In this guide, we’ll implement a robust security policy for a users table containing sensitive email and salary data, then integrate it with dbt and explore monitoring strategies.


The Architecture of BigQuery Security

Before writing code, we need to understand the hierarchy. BigQuery security relies on Dataplex (formerly Data Catalog) taxonomies:

  1. Taxonomy: A logical group of policy tags (e.g., “PII Data”). Think of it as a security domain.
  2. Policy Tags: Specific labels within a taxonomy (e.g., “High Sensitivity”, “Medium Sensitivity”).
  3. Data Policies: Rules attached to tags that define how data is hidden (e.g., “Mask with SHA256”, “Block access”).

The flow is: BigQuery → Policy Tags (in Governance section) → Data Policies Creation → Application to Columns


Scenario: The users Table

We have a simple table in our raw dataset with varying sensitivity levels:

  • user_id (Public)
  • full_name (Public)
  • email (Sensitive - Needs Masking for analysts but readable for joins)
  • salary (Highly Sensitive - Restricted Access, no masking option)

Let’s create this table with some dummy data:

CREATE OR REPLACE TABLE `my_project.raw.users` AS
SELECT 1 as user_id, 'Alice Bob' as full_name, 'alice@example.com' as email, 120000 as salary
UNION ALL
SELECT 2, 'Charlie Dave', 'charlie@example.com', 95000
UNION ALL
SELECT 3, 'Eve Foster', 'eve@example.com', 150000;

Part 1: The Manual Way (For Understanding)

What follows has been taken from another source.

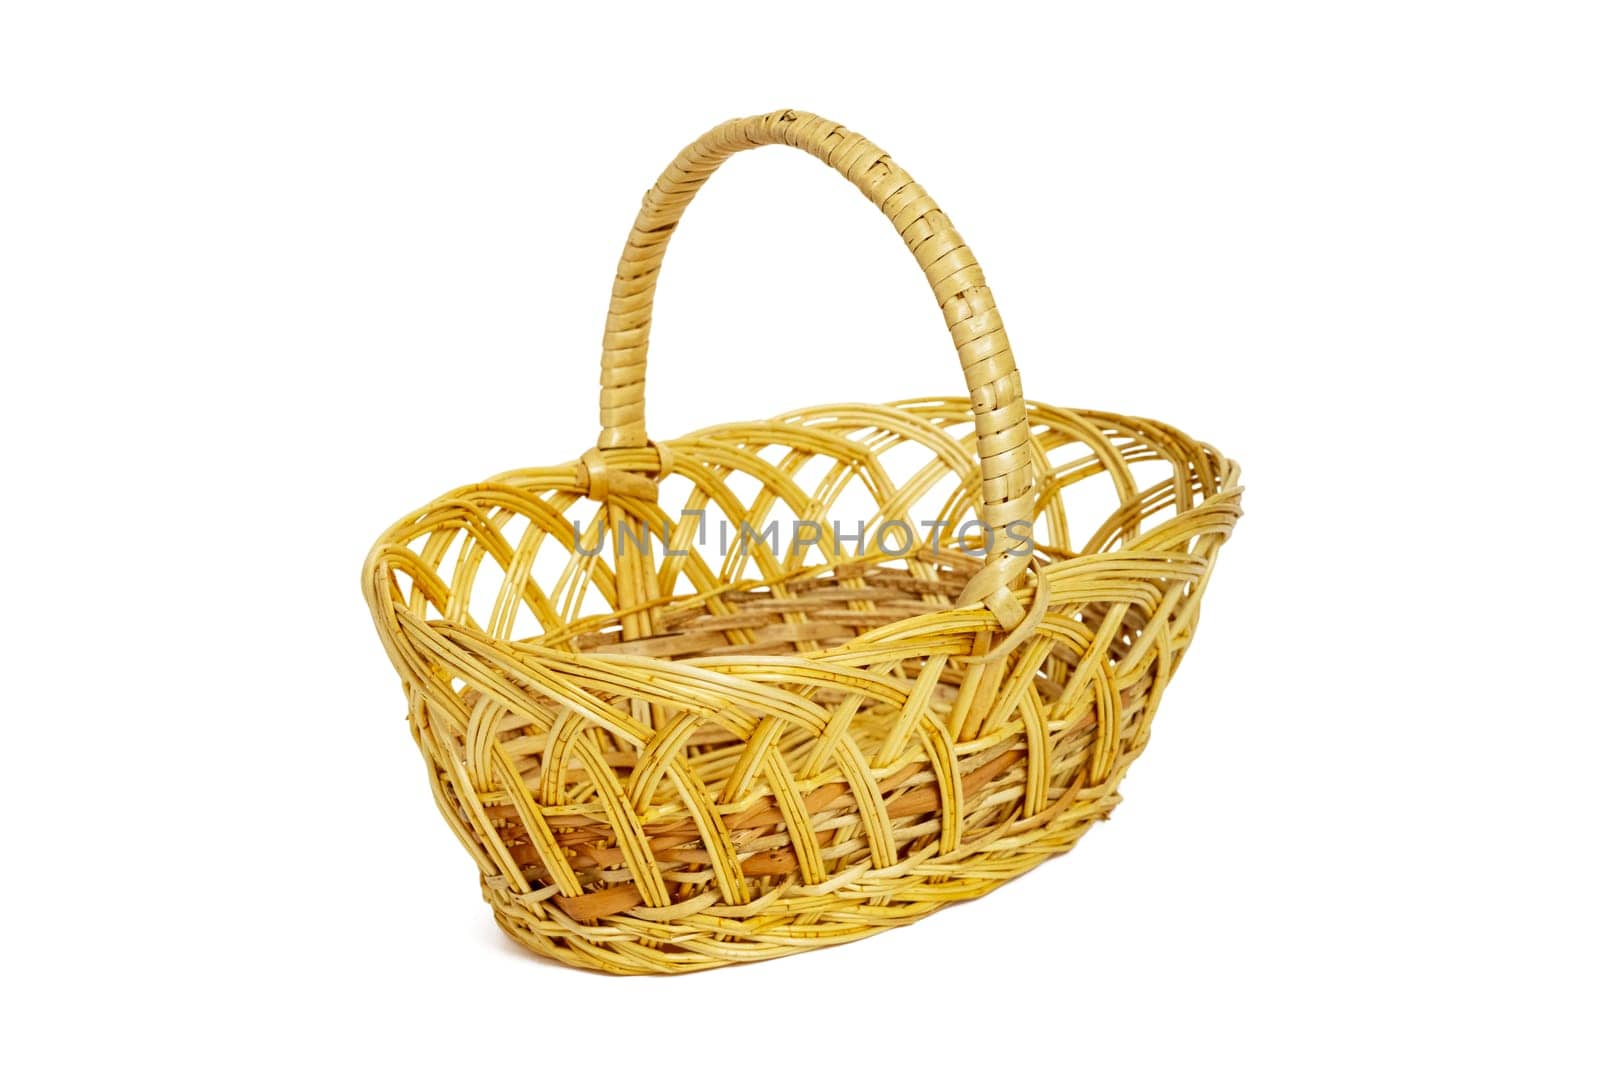 An empty wicker basket isolated on white background. Easter item.

I recommend doing this once manually (console clicks, sometimes called “ClickOps”) to understand the flow, then switching to Terraform for everything that follows.

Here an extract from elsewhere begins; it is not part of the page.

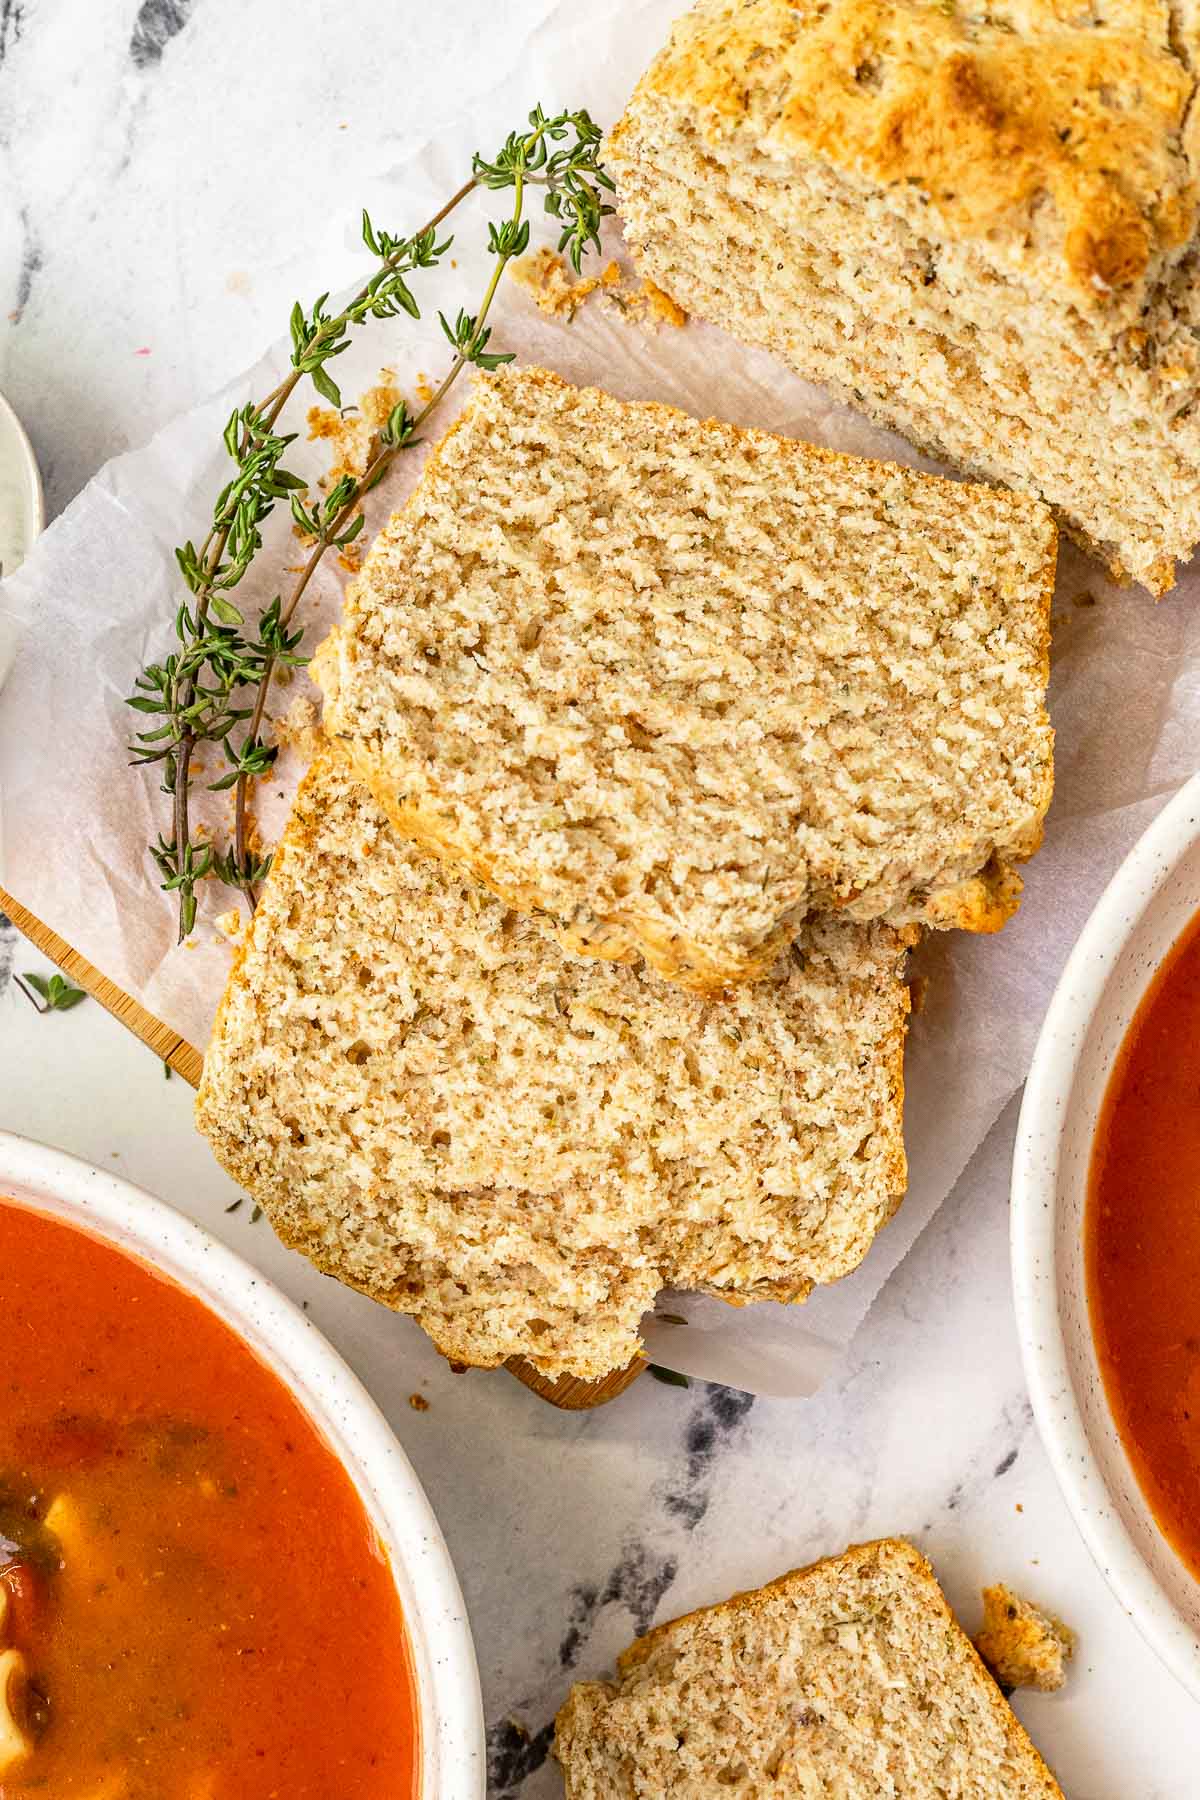 Herb Quick Bread baked bread slices

You may probably have to activate Google Cloud Data Catalog API.

  1. Navigate to Policy Tags:

    • Option A (Recommended): Go to the BigQuery Console, click on your project in the left sidebar, then click the “Policy tags” tab
    • Option B: Go to Dataplex → Govern → Data Products in the GCP Console (we won’t cover this)
  2. Create Taxonomy: Click “Create Taxonomy”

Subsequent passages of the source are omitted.